The answer is no, they don’t fill the same niche. Just like monarch butterflies need native milkweed to survive, other insects that we don’t hear about need specific varieties of plants to survive. The native fauna is adapted to use the native flora and non-native species just don’t cut it. And, as it happens, European bellflower is invasive and will crowd out other plants. That further reduces the native plants available to native insects, birds and mammals.

So to create a viable ecosystem that supports butterflies, birds and native pollinators we need the real deal – native plants. But it is not simply a matter of throwing down native plant seed. I first had to undue some mistakes I made earlier by removing invasive plants that I had let go or even encouraged to grow. One of the hardest plants to eradicate is Bishop’s weed (Aegopodium podagraria) also known as Snow on the Mountain. It is a common ground cover and works well for that because it is invasive. I first tried to hoe it out of the area I was going to plant. Big mistake. A piece of stem as short as an inch can sprout a new plant. So after I hoed the area I had a fresh new crop of Bishop’s weed! The only way to control it is to remove the roots. So I went over the area shovelful by shovelful and removed the roots. A real learning experience, but it seems to be working in the small area where I planted native transplants. Next spring will show if I was successful.

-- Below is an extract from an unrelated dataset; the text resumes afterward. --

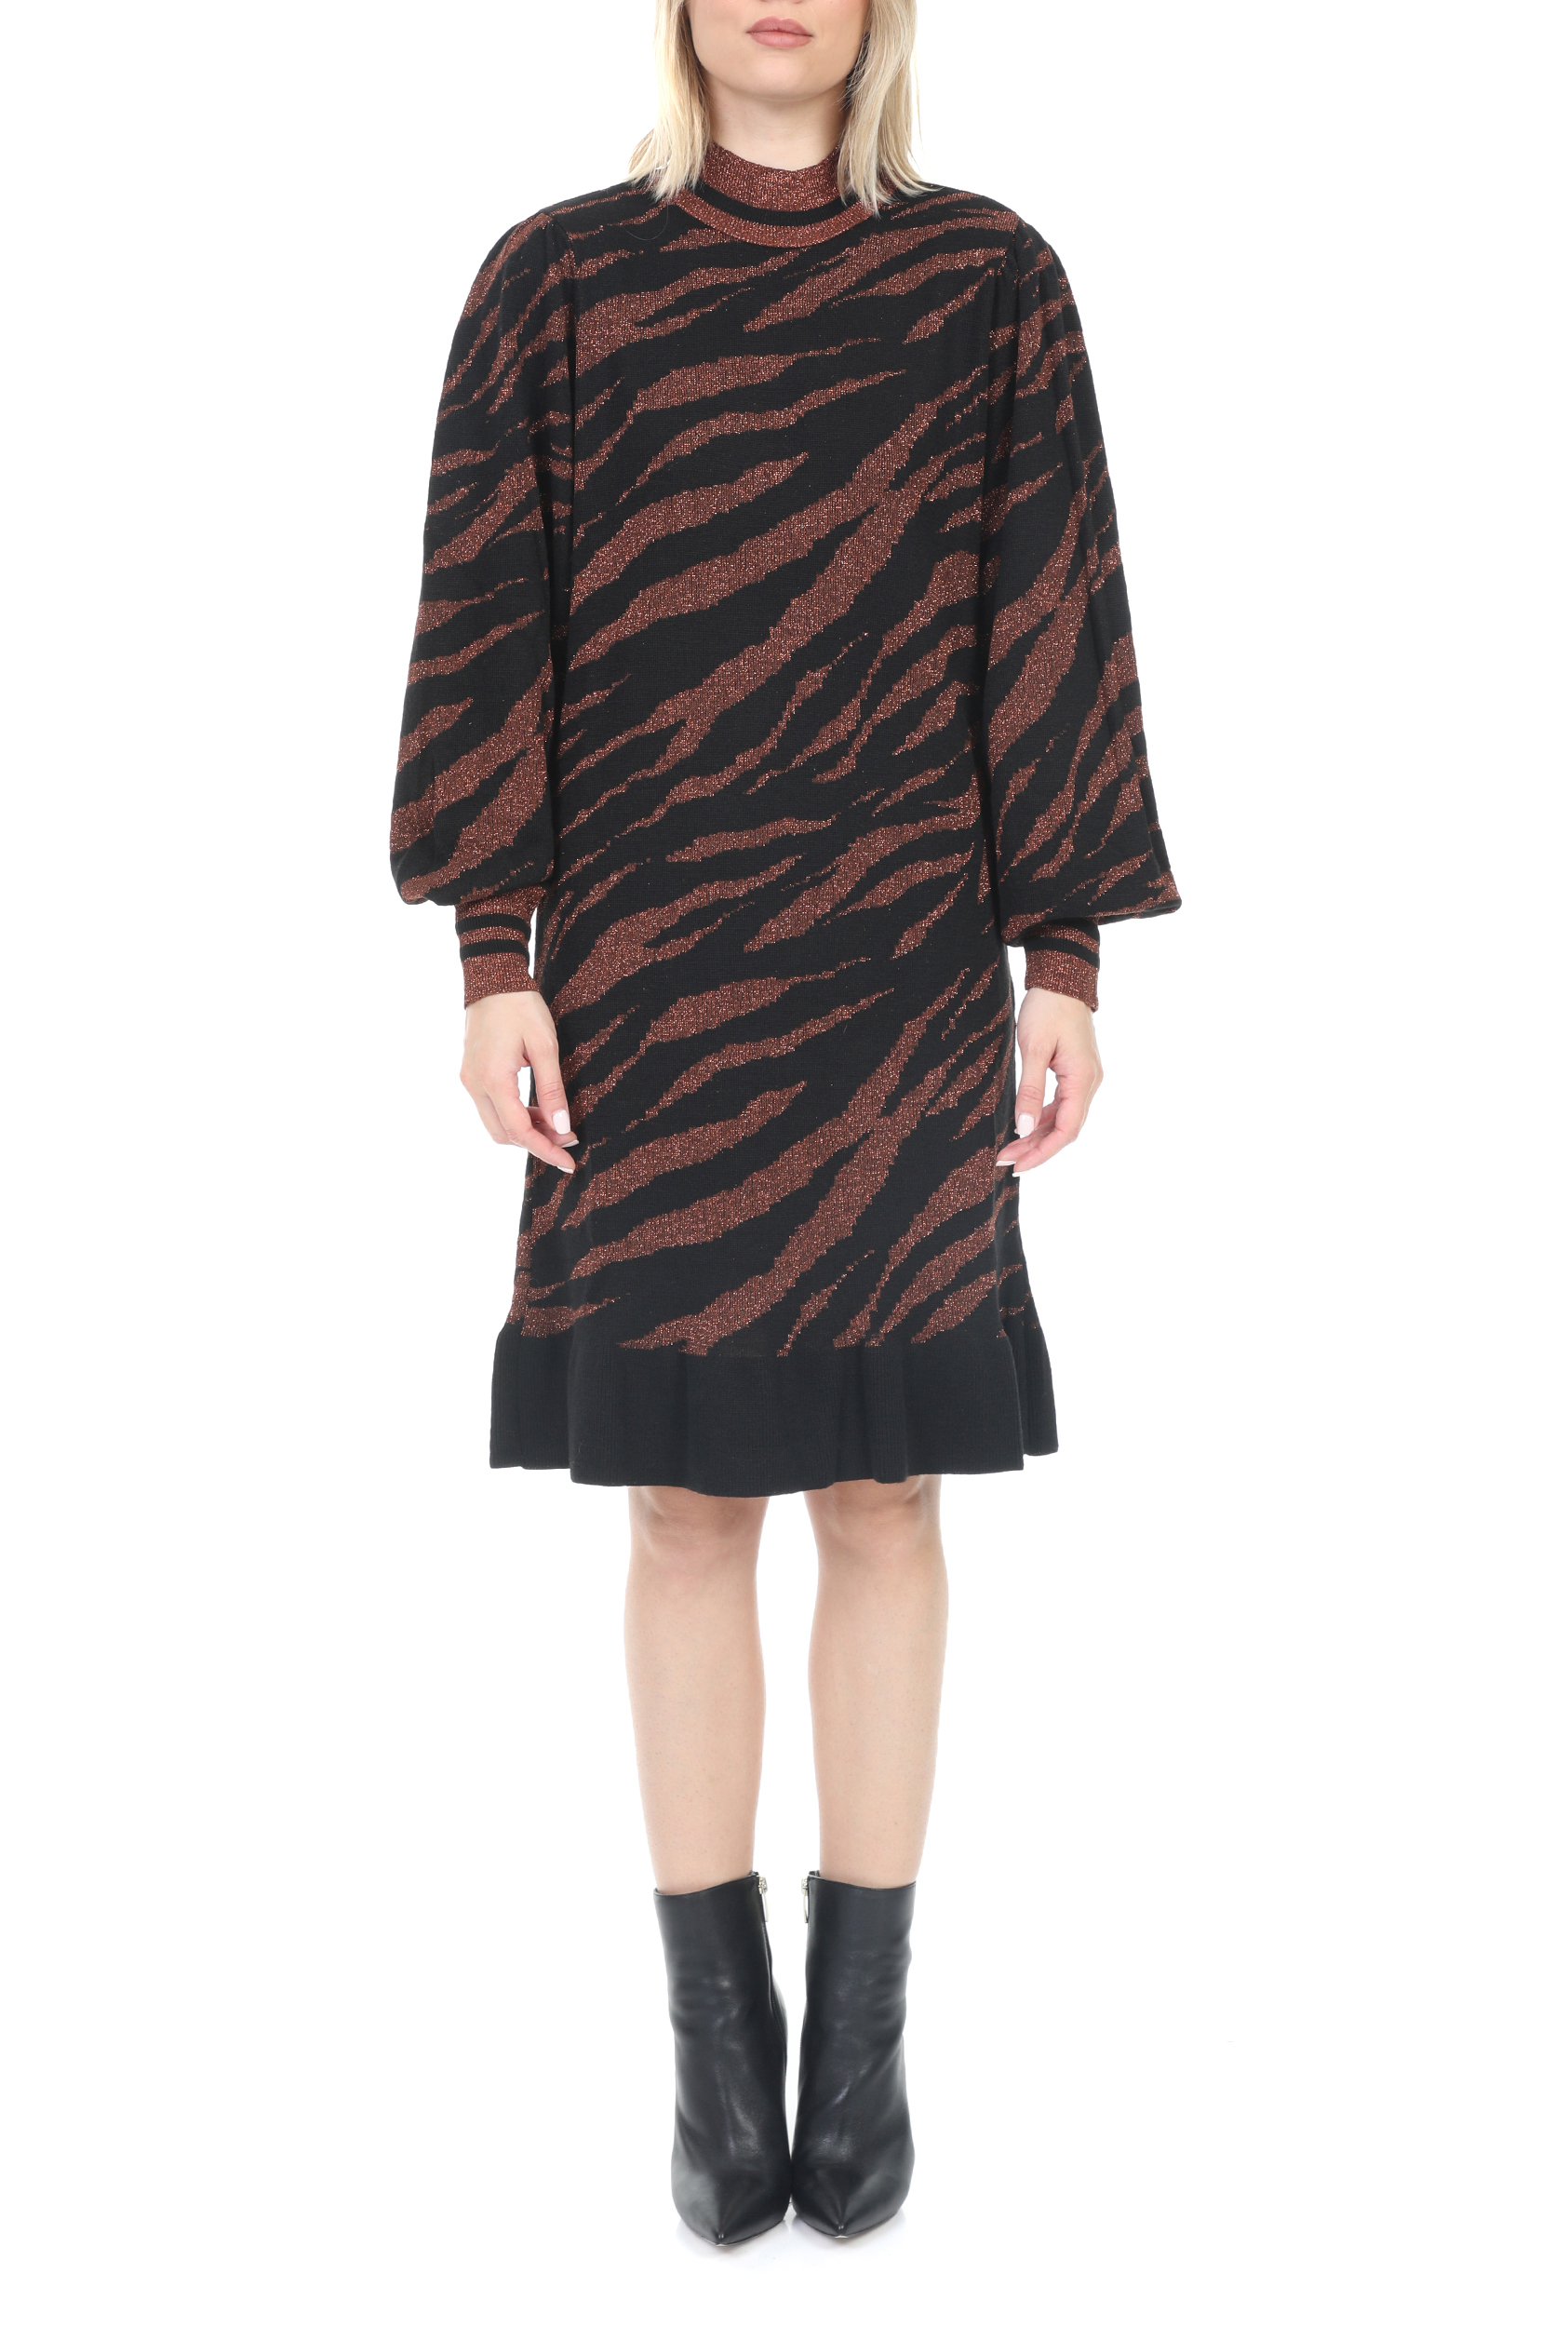 KOCCA – Γυναικειο mini φορεμα KOCCA GUARDIAN μαυρο καφε

I also removed hostas and orange daylilies with that technique. The roots of those plants are bigger so it was much easier to dig them out. Then after the weather cooled off in early winter I put down native plant seed mixes in the cleared areas. The seeds need freeze/thaw cycles to activate them so they will germinate in the spring. My hope is that by clearing the established invasive plants, the seed I put down will have a fighting chance to get going before the weeds move in.

The cleared areas include about 1000 square feet of the boulevard on the street. This will be my contribution to the Butterfly Boulevard that I envisioned one day while sitting on my patio under the Linden tree. I had been for a long walk through McKennan Park neighborhoods. I realized that I could walk for miles and the only native species I would see might be an ash or cottonwood tree. As I sat in the shade after my walk I saw one monarch butterfly checking out the milkweed. I used to see four or five at a time. It was then that I realized that the monarchs had to cross a food desert to get to my garden where there are plenty of chemical free plants for them.

So I’m planting native plants in my boulevard and my neighbor up the street already has native plants in his boulevard. Another neighbor a few blocks away has coneflowers and other natives in the boulevard as well. We have created a corridor of native plants in our neighborhood. If people all over town converted their boulevards to native plants, butterflies and native pollinators could travel across town and not miss a meal. It would be a food forest for pollinators. A Butterfly Boulevard.